(DATA)
○ ○ ○ ○ ○ ○ ○

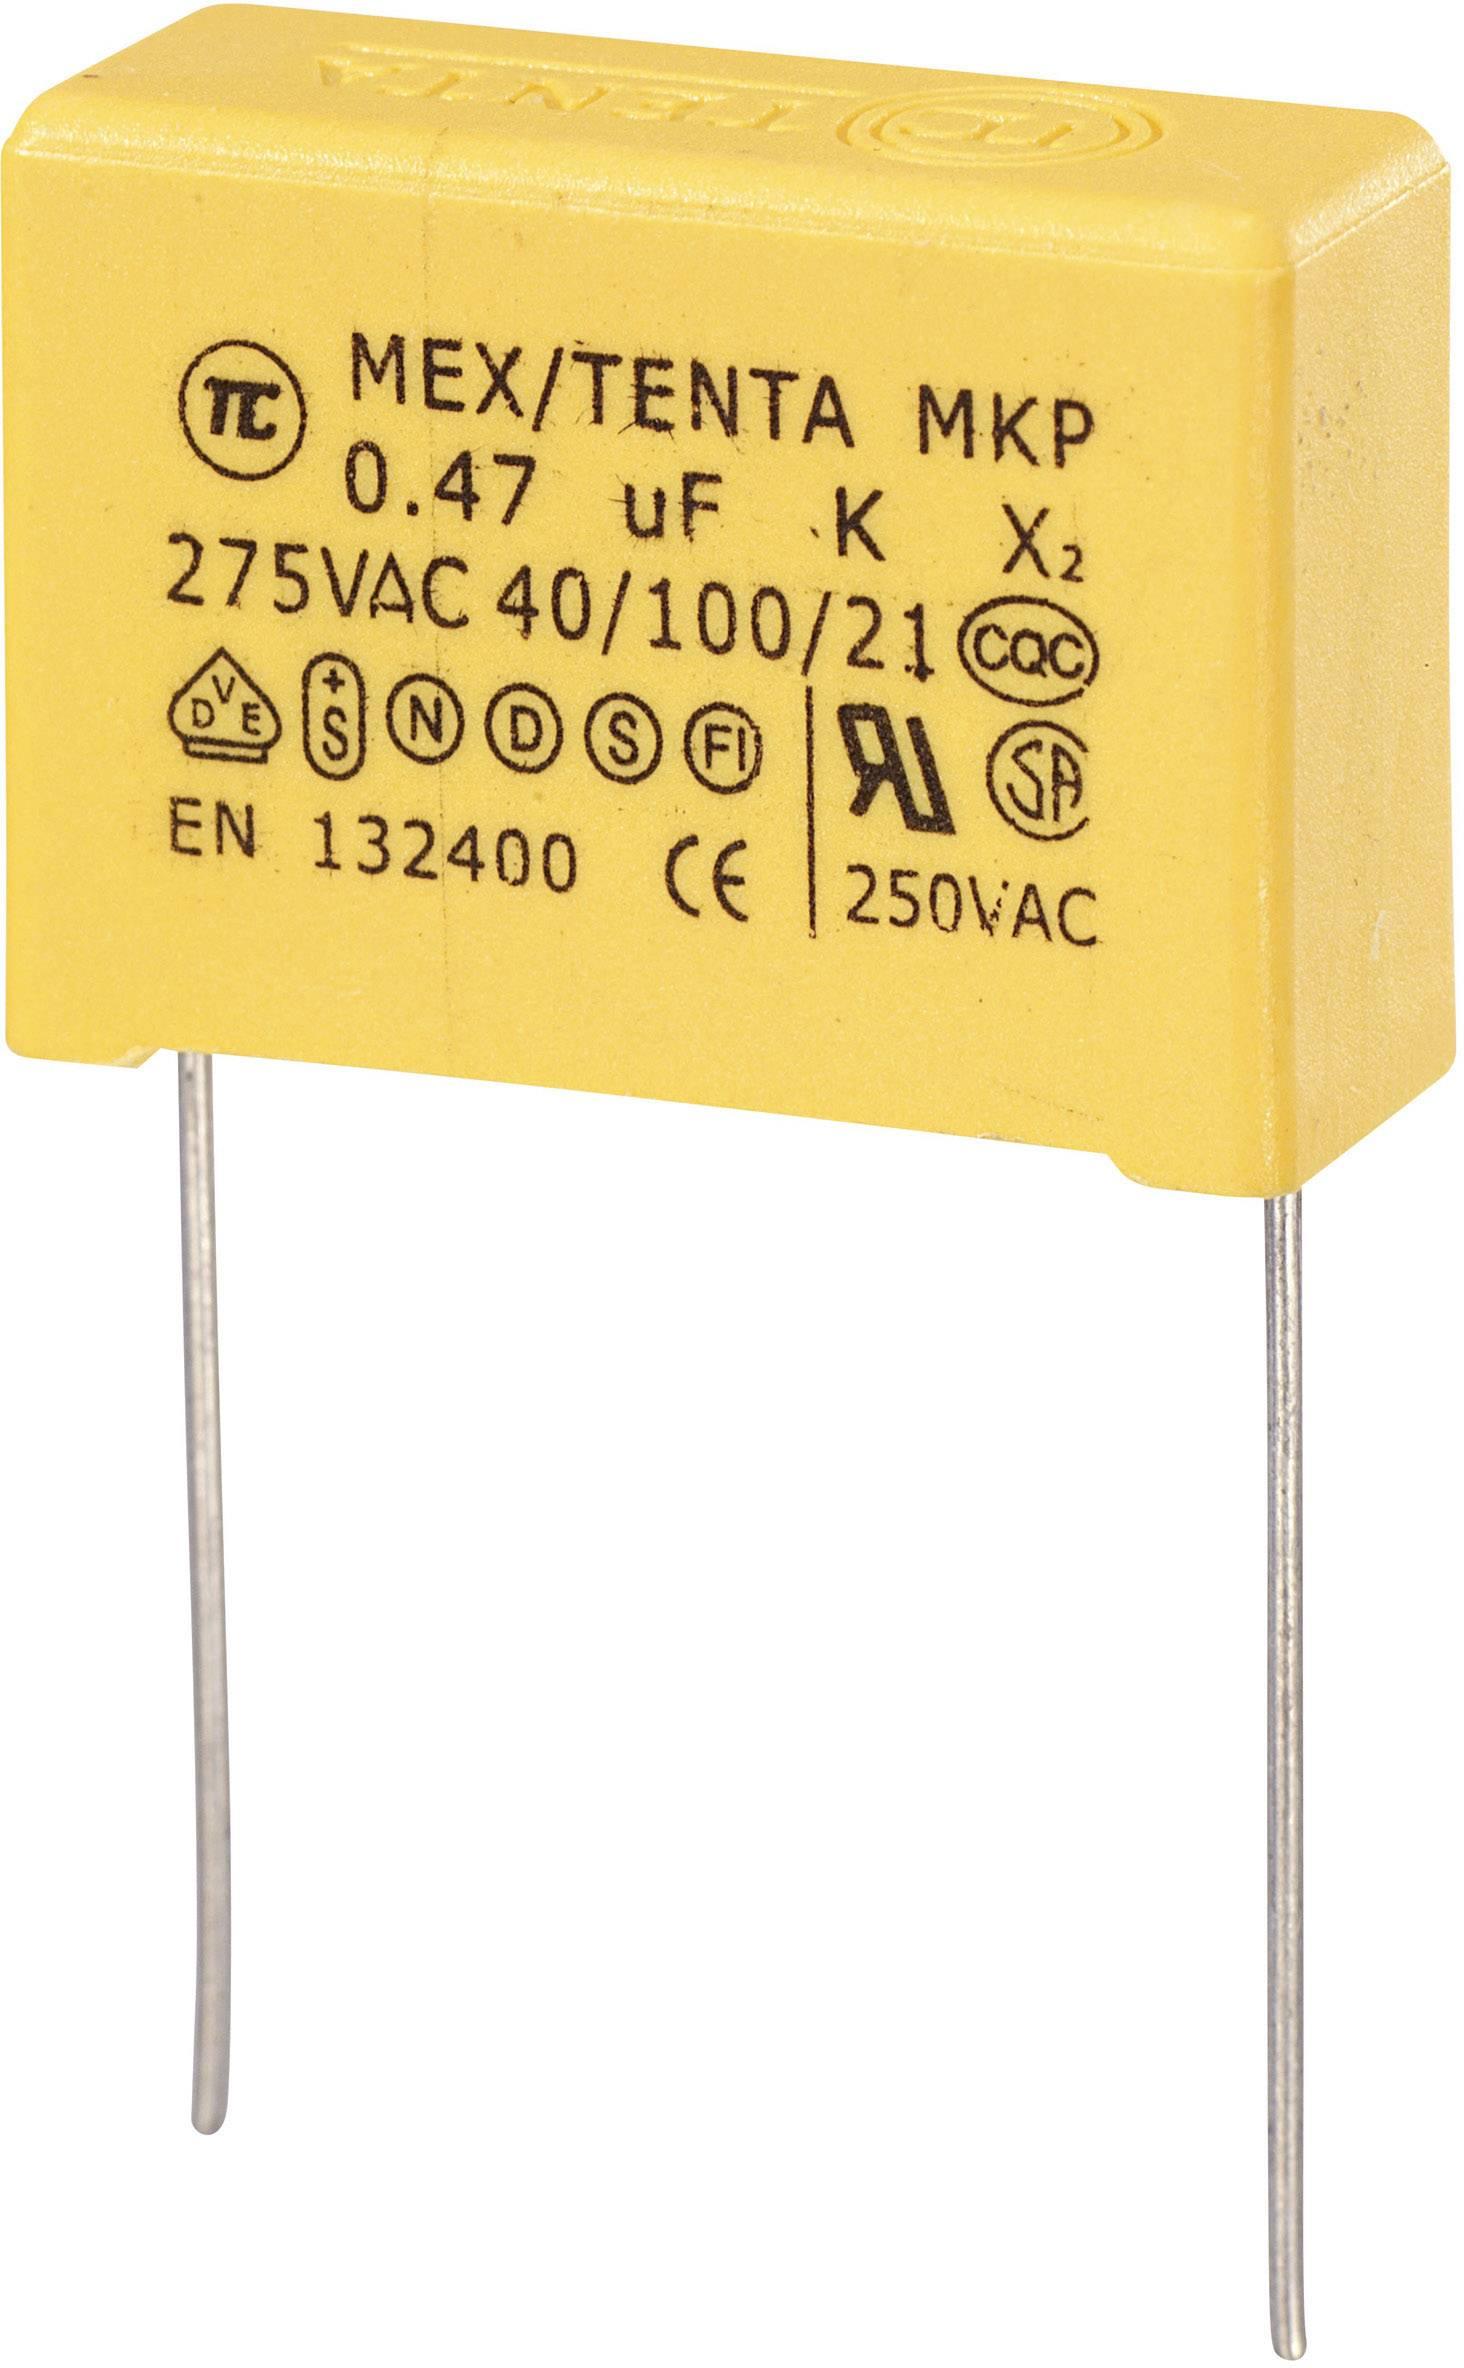 Foliový kondenzátor MKP, 0,47 µF, X2 275 V/AC, 10 %, 26,5 x 8,5 x 17 mm
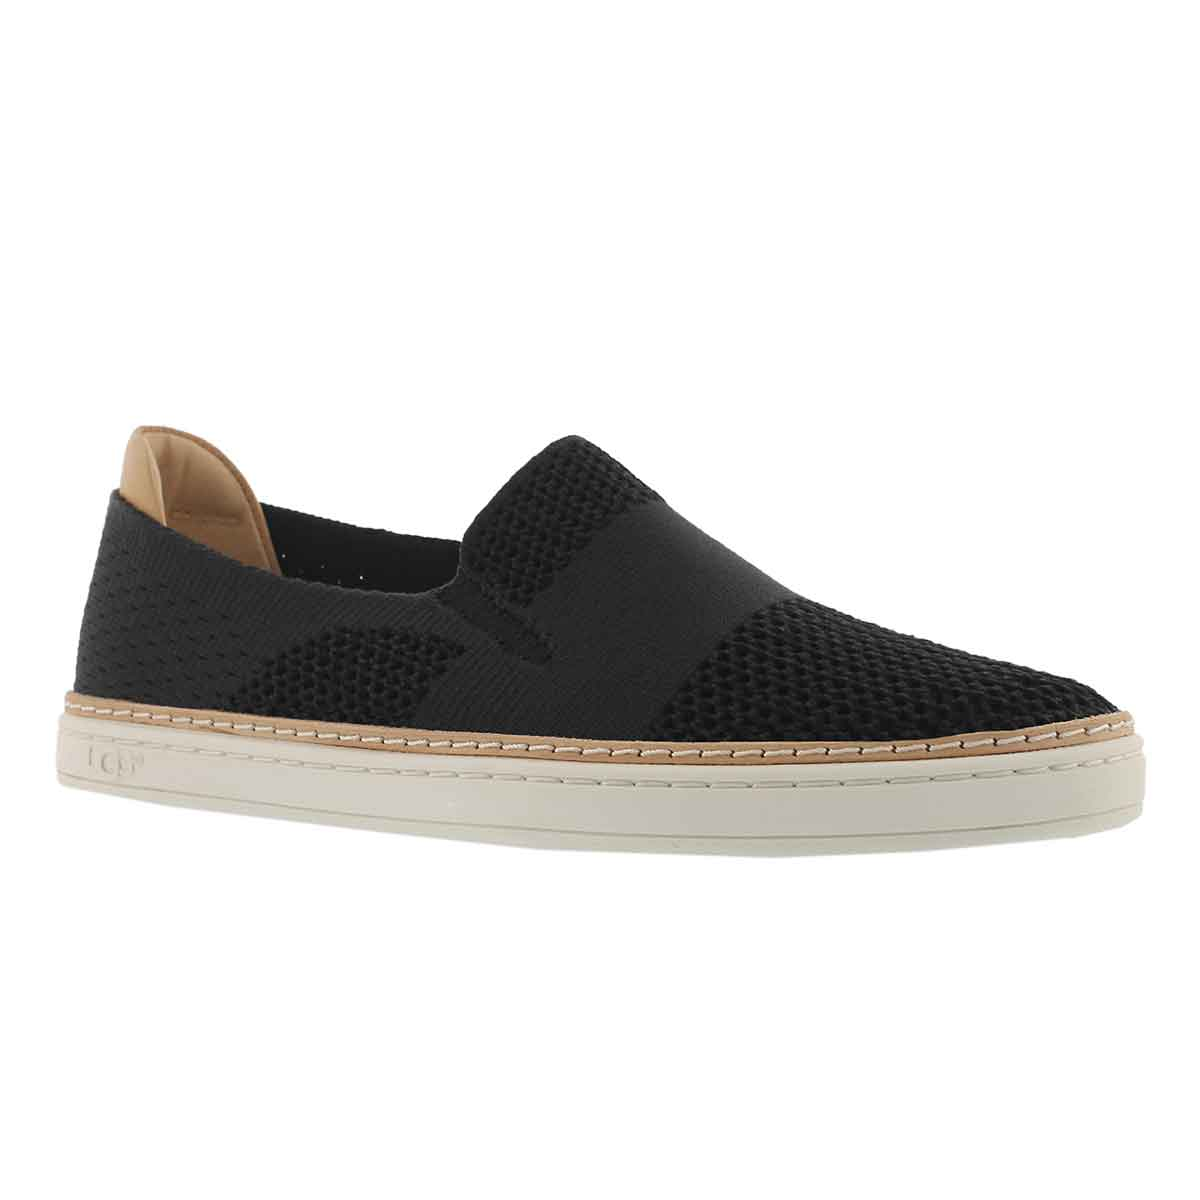 Women's SAMMY black casual slip on shoes
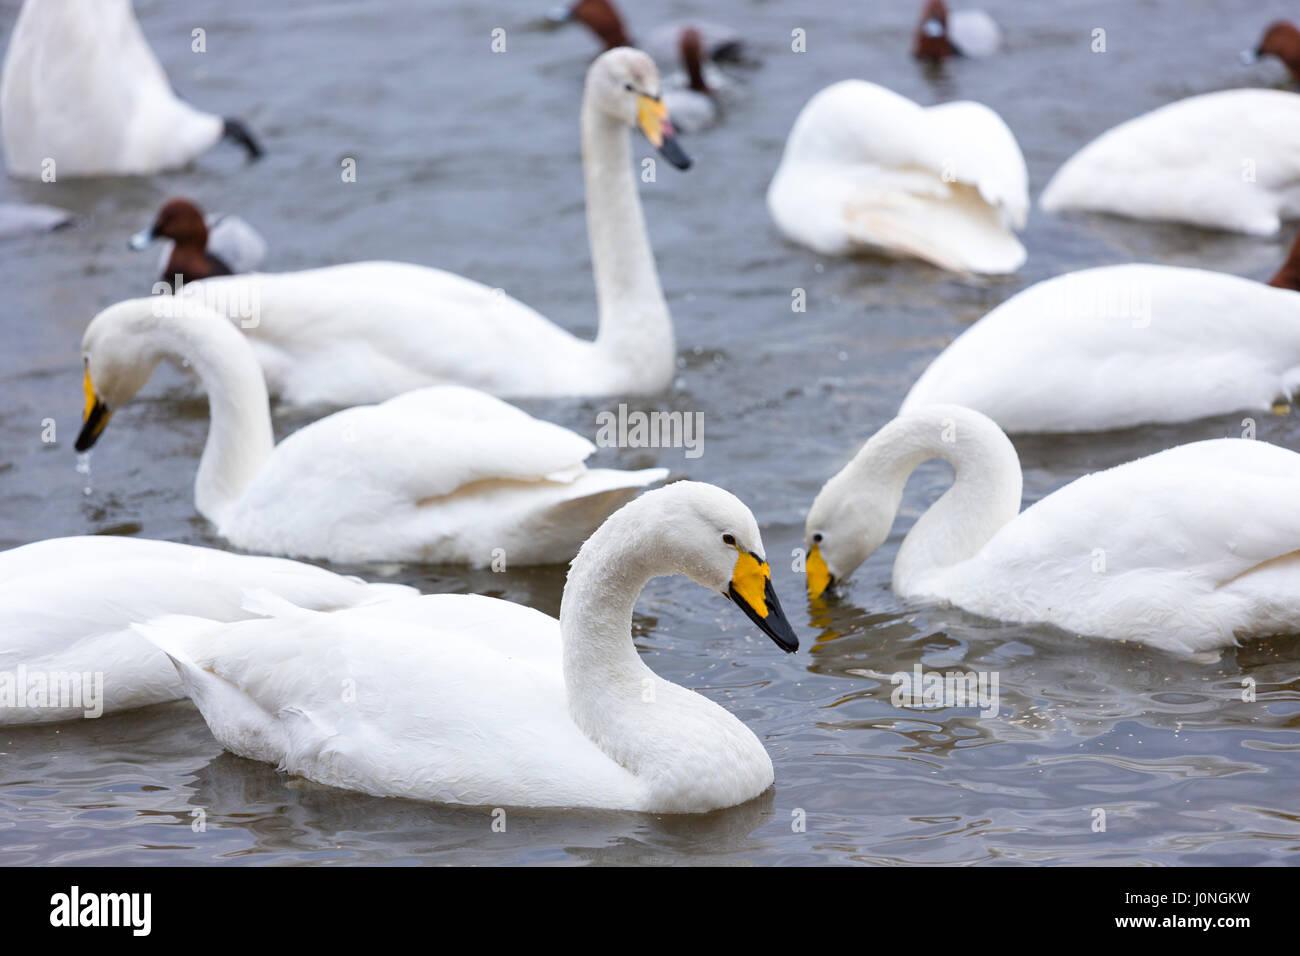 Group of Whooper Swan, Cygnus cygnus, at Welney Wetland Centre, Norfolk, UK Stock Photo

○ ○ ○ ○ ○ ○ ○

(WHAT NEEDS TO BE DONE)
Everything in the data above, apart from the pictures, should be retyped exactly.

(SOLUTION FOR THIS EXERCISE)
 Foliový kondenzátor MKP, 0,47 µF, X2 275 V/AC, 10 %, 26,5 x 8,5 x 17 mm
 Women's SAMMY black casual slip on shoes
 Group of Whooper Swan, Cygnus cygnus, at Welney Wetland Centre, Norfolk, UK Stock Photo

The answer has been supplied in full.